Stone Castle braut seit 2006 Ales amerikanischer Art nahe dem Hafen — damals war Craft Beer in Spanien noch fast unbekannt. Eine industriell anmutende Brauerei mit Bar, dekoriert mit Metallfässern und alten Motorrädern. Das andere Craft-Wahrzeichen der Stadt, Tyris, folgte 2009 als erste Craft-Beer-Marke Valencias, gegründet von zwei Freunden, die von einer Europareise mit der Überzeugung zurückkamen, das Bier zu Hause sei langweilig. Heute ist es eine der größten Craft-Brauereien des Landes, mit eigenem Ausschank im Zentrum.

Im selben Viertel verstecken sich leisere Werkstätten. In einer davon entsteht TENSA, ein handgebauter Röhren-DJ-Mixer — ein zweikanaliger analoger Rotary-Mixer mit durchgehend direktgekoppeltem Röhrensignalweg und externem linearem Netzteil, in kleinen Serien in Valencia montiert, für DJs, denen eine saubere Phono-Stufe wichtiger ist als die Zahl der Funktionen. Ein gutes Beispiel dafür, was diese Stadt im Stillen tut: kleine Teams, hochwertige Produkte, keine Hallen von Stadiongröße.

Süden: das Werk, das die Region veränderte

Dieser Punkt liegt außerhalb bequemer Radreichweite — etwa zwanzig Kilometer südlich, in Almussafes —, erklärt aber viel über das moderne Valencia. Ford eröffnete dort 1976 sein Werk, und am 18. Oktober desselben Jahres lief der erste Fiesta vom Band. Es wuchs zum größten Fertigungskomplex von Ford außerhalb der USA und verwandelte die umliegenden Orte in einen Industriegürtel aus Zulieferern und Ingenieurbüros.

Und die neuere Welle

Valencias Start-up-Szene ist jung, aber konzentriert. 2013 gründete Juan Roig — der Mercadona-Präsident — Lanzadera, einen Start-up-Accelerator, der später im Campus Marina de Empresas mit der Business School EDEM und dem Investmentfonds Angels aufging. Aus diesem Umfeld stammt Zeleros, ein Unternehmen für Hochgeschwindigkeitstransport, hervorgegangen aus einem Team der Polytechnischen Universität Valencia, das bei einem von SpaceX organisierten Hyperloop-Wettbewerb ausgezeichnet wurde.

Selbst fahren

Die Nordschleife plus Turia-Park und Hafen sind ein bequemer Tag im Touristentempo, und fast durchgehend flach. Nehmen Sie Wasser mit — ab Mai ist die Mittagszeit wirklich heiß — und legen Sie den Stopp in El Cabanyal auf den späten Nachmittag, wenn die Brauereien öffnen und das Licht auf den Kachelfassaden am schönsten ist.

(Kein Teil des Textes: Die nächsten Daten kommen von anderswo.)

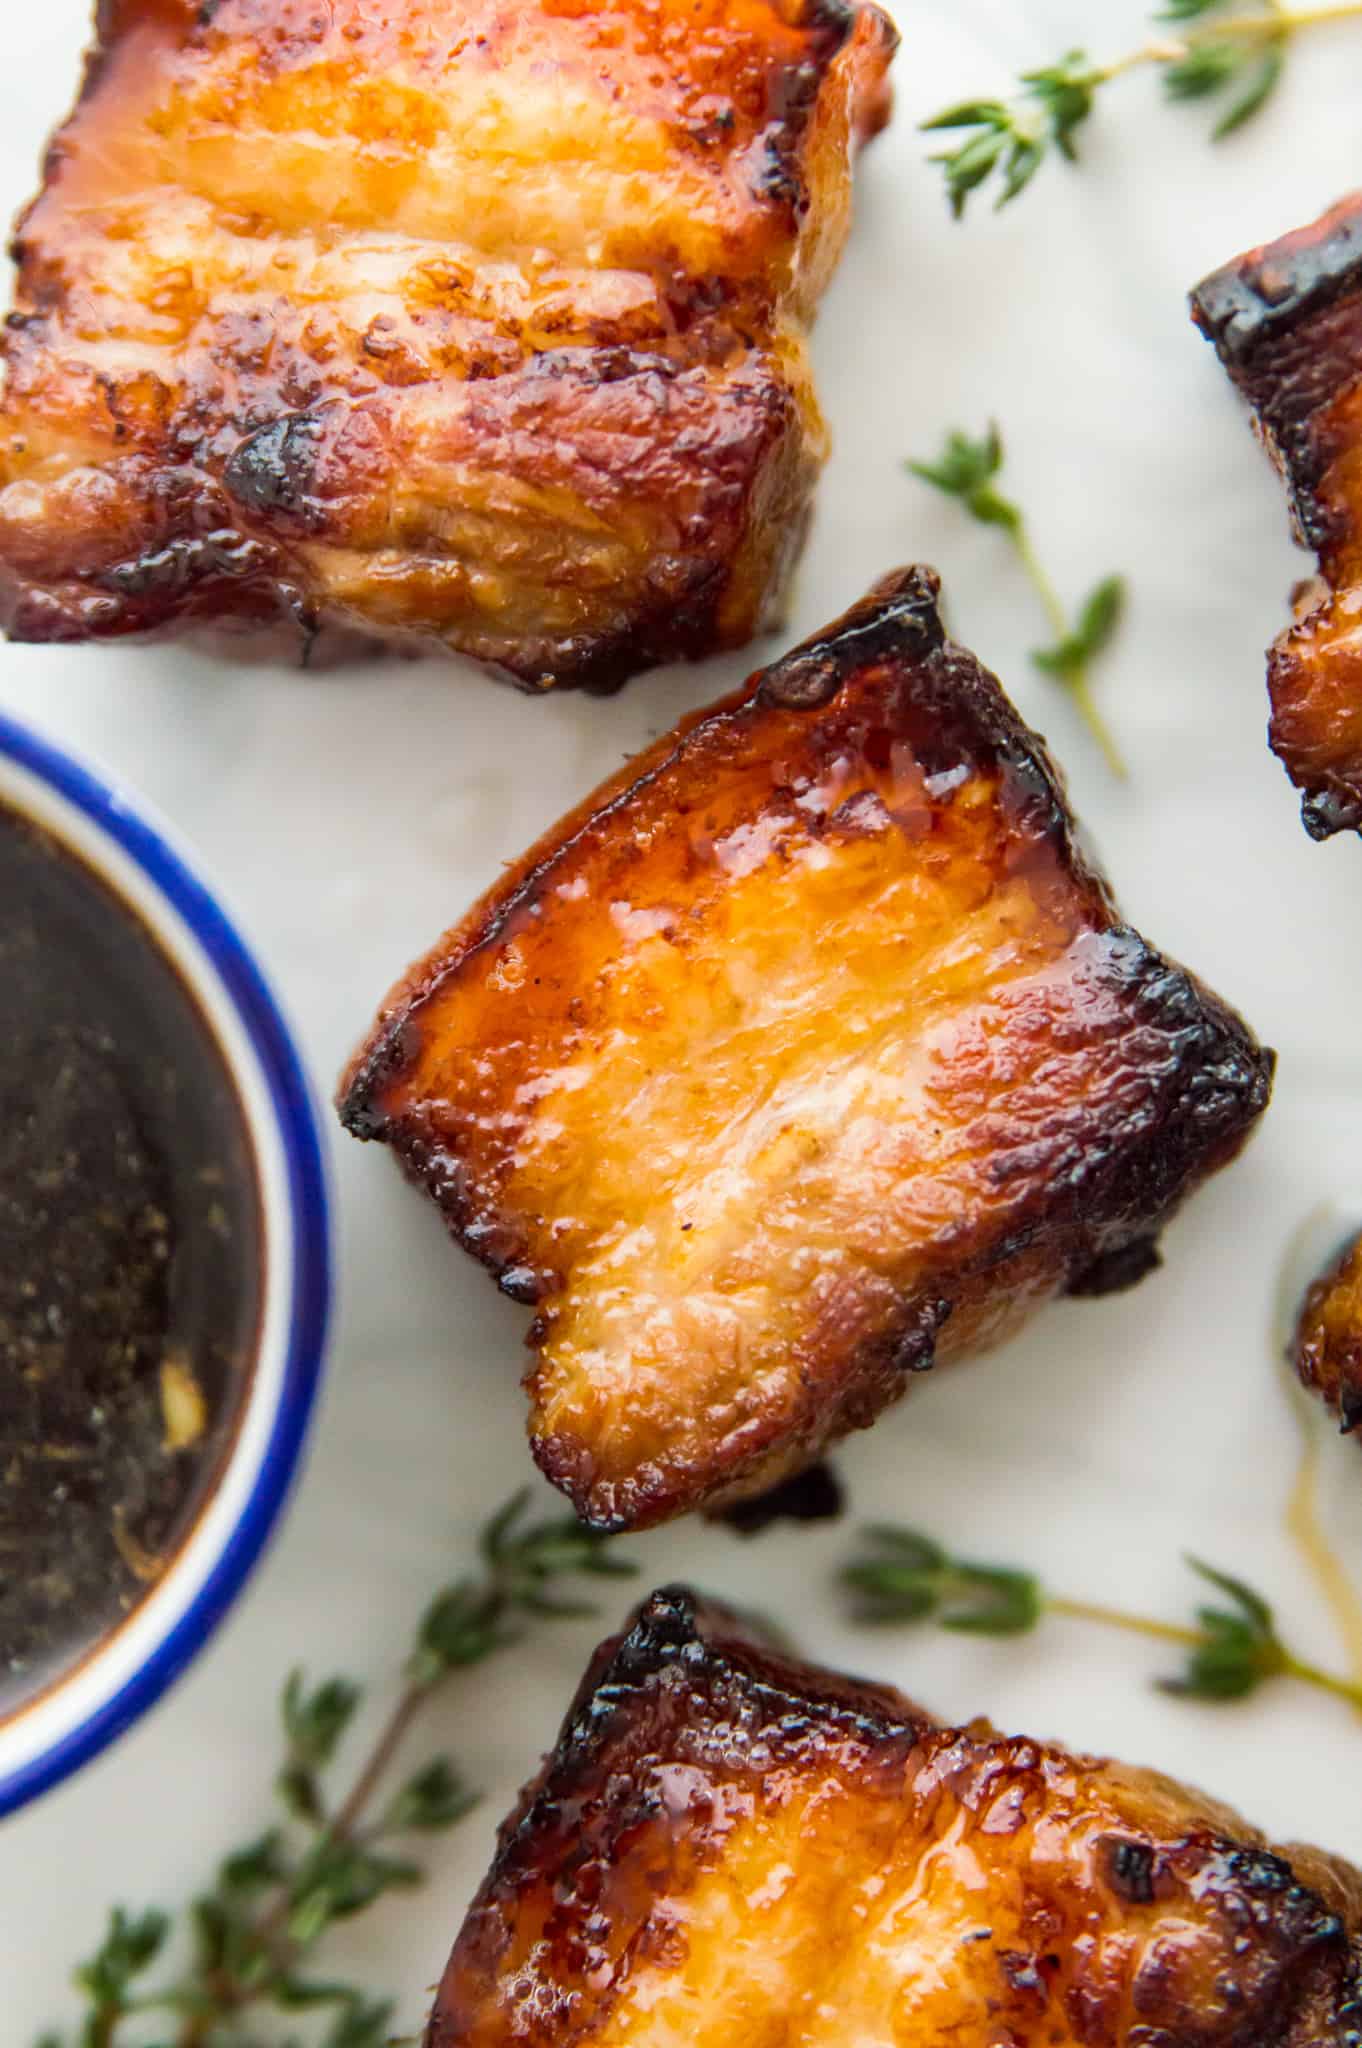 Three pieces of cooked pork belly on a plate with fresh thyme around them.
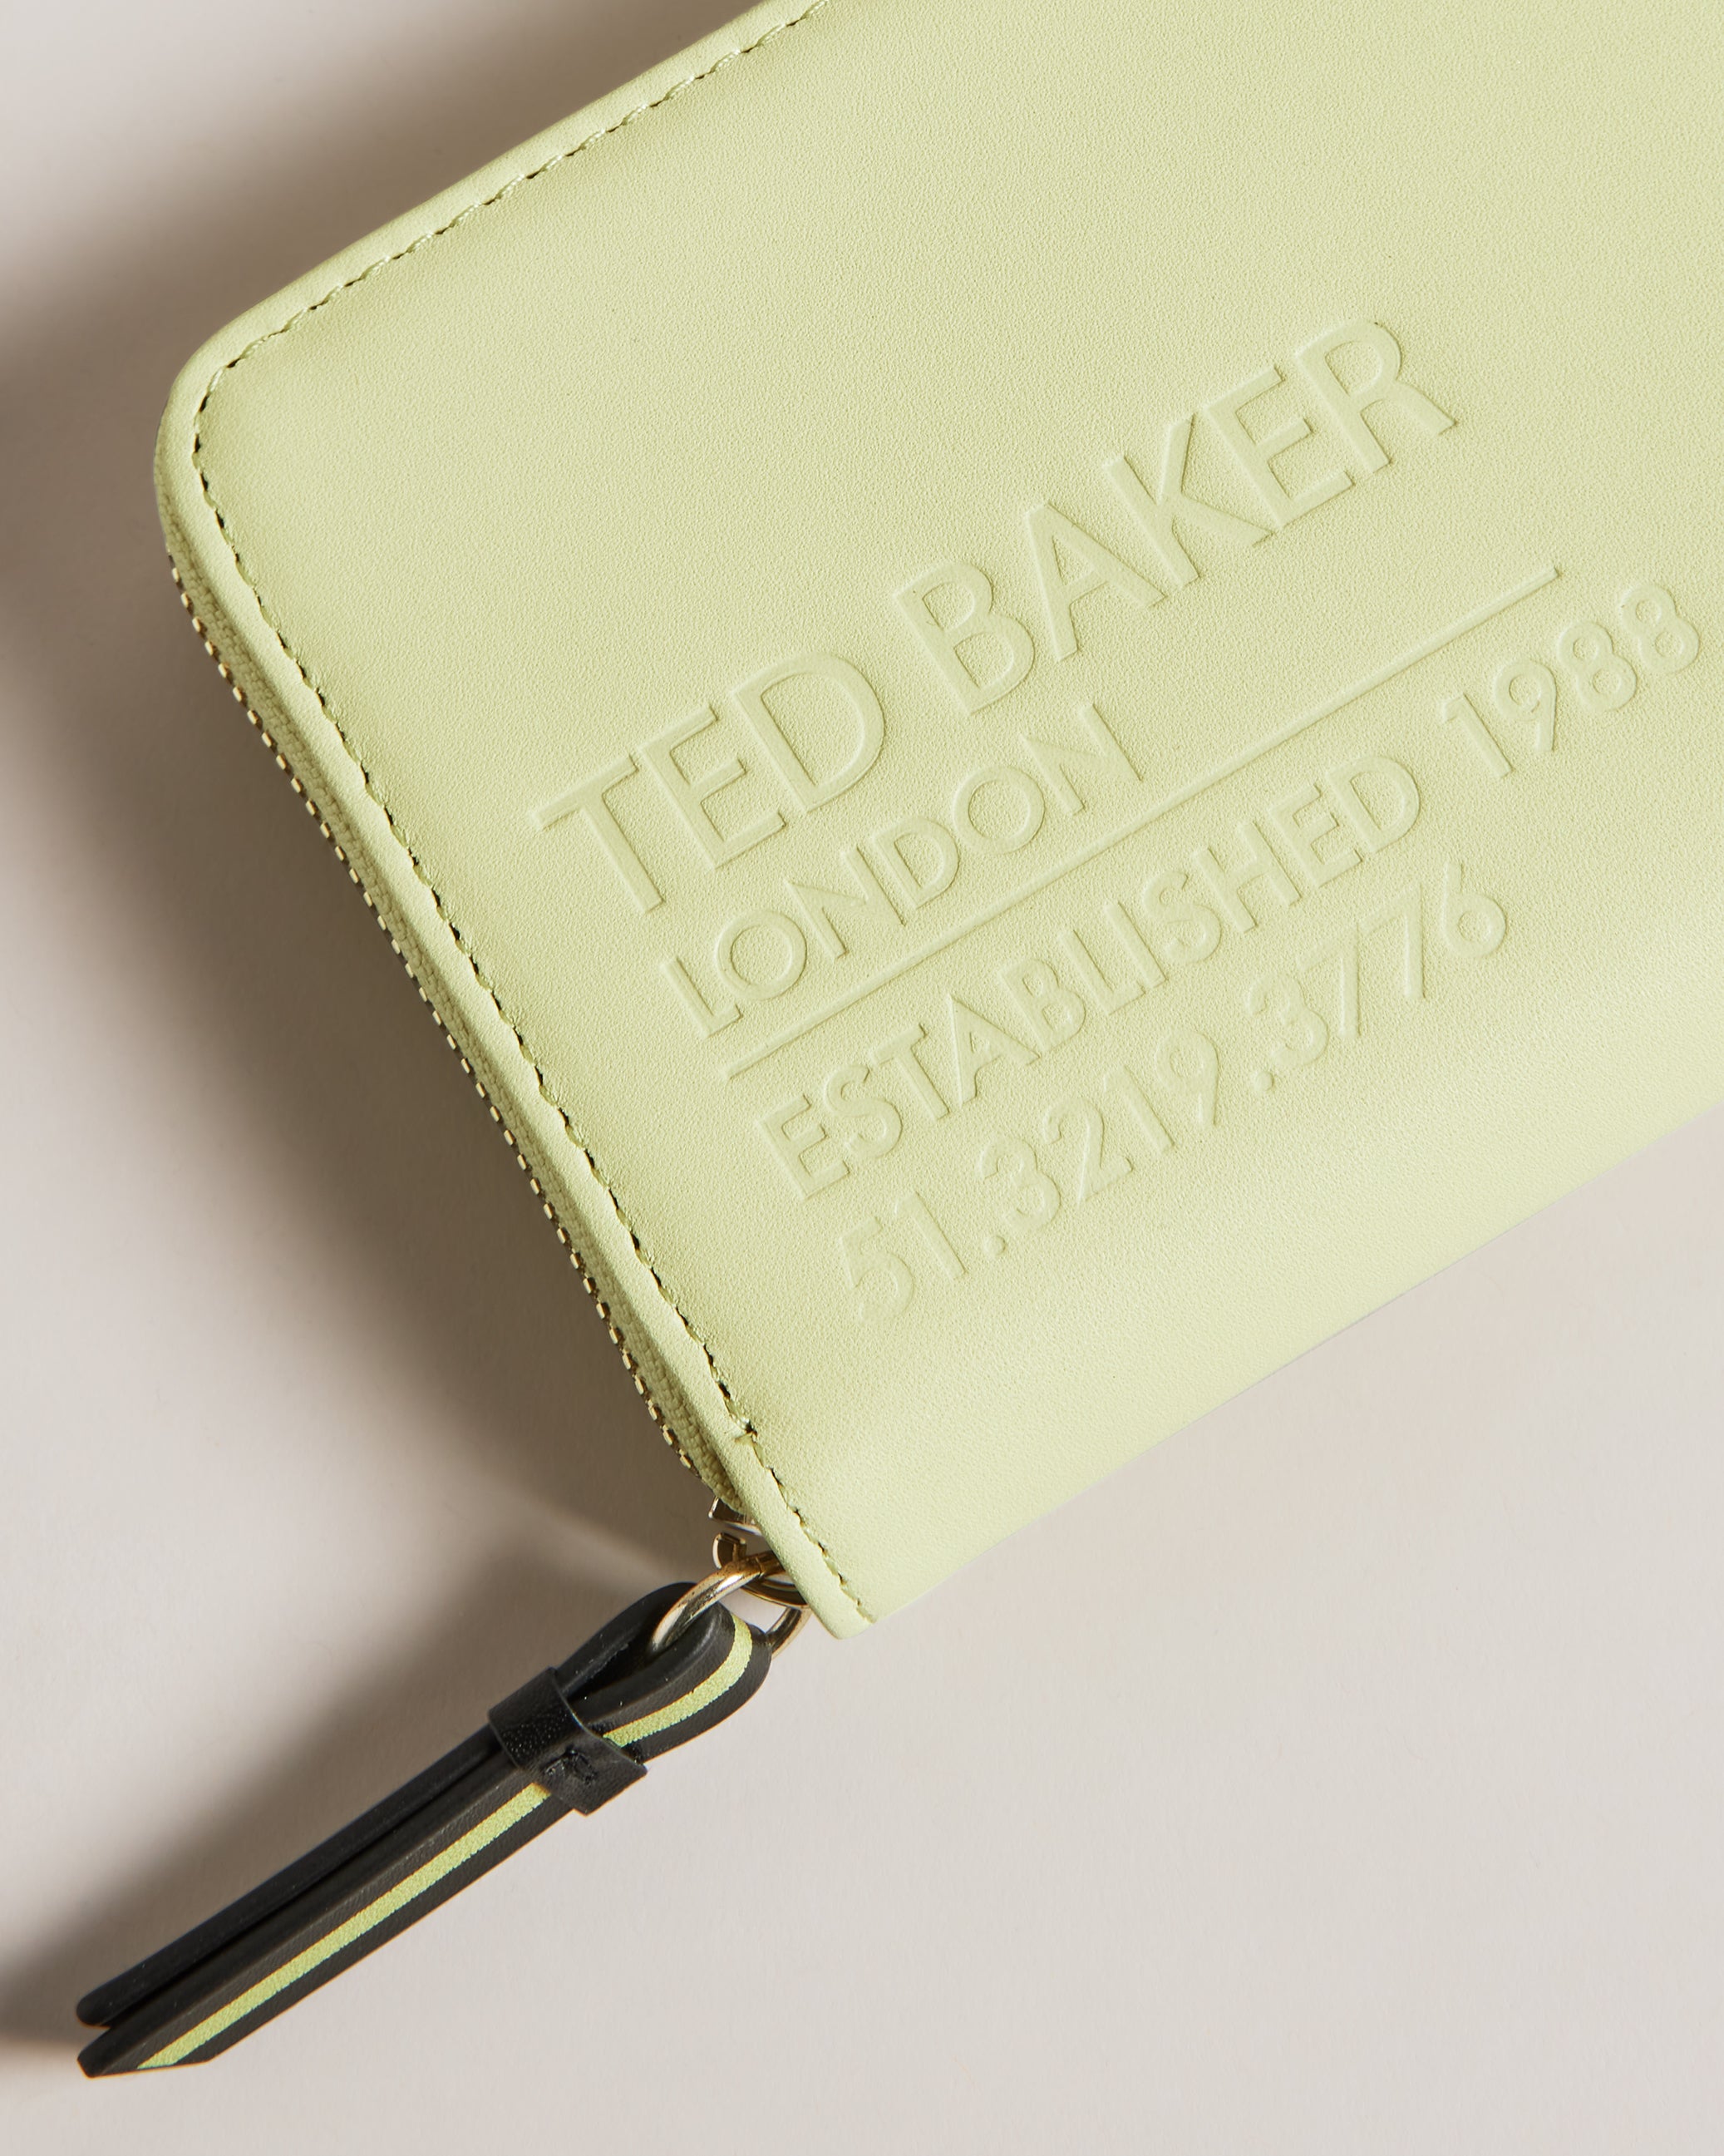 Shop Women's Ted Baker Coin Purses up to 70% Off | DealDoodle

Am Abend haben Sie ein anderes Bild von diesem Ort. Valencia ist eine wunderbare Stadt, um Tourist zu sein. Es ist zugleich eine Stadt, in der Menschen aufstehen und in Fabriken, Brauereien und Werkstätten arbeiten gehen — und dieses zweite Valencia ist deutlich interessanter als das der Postkarten.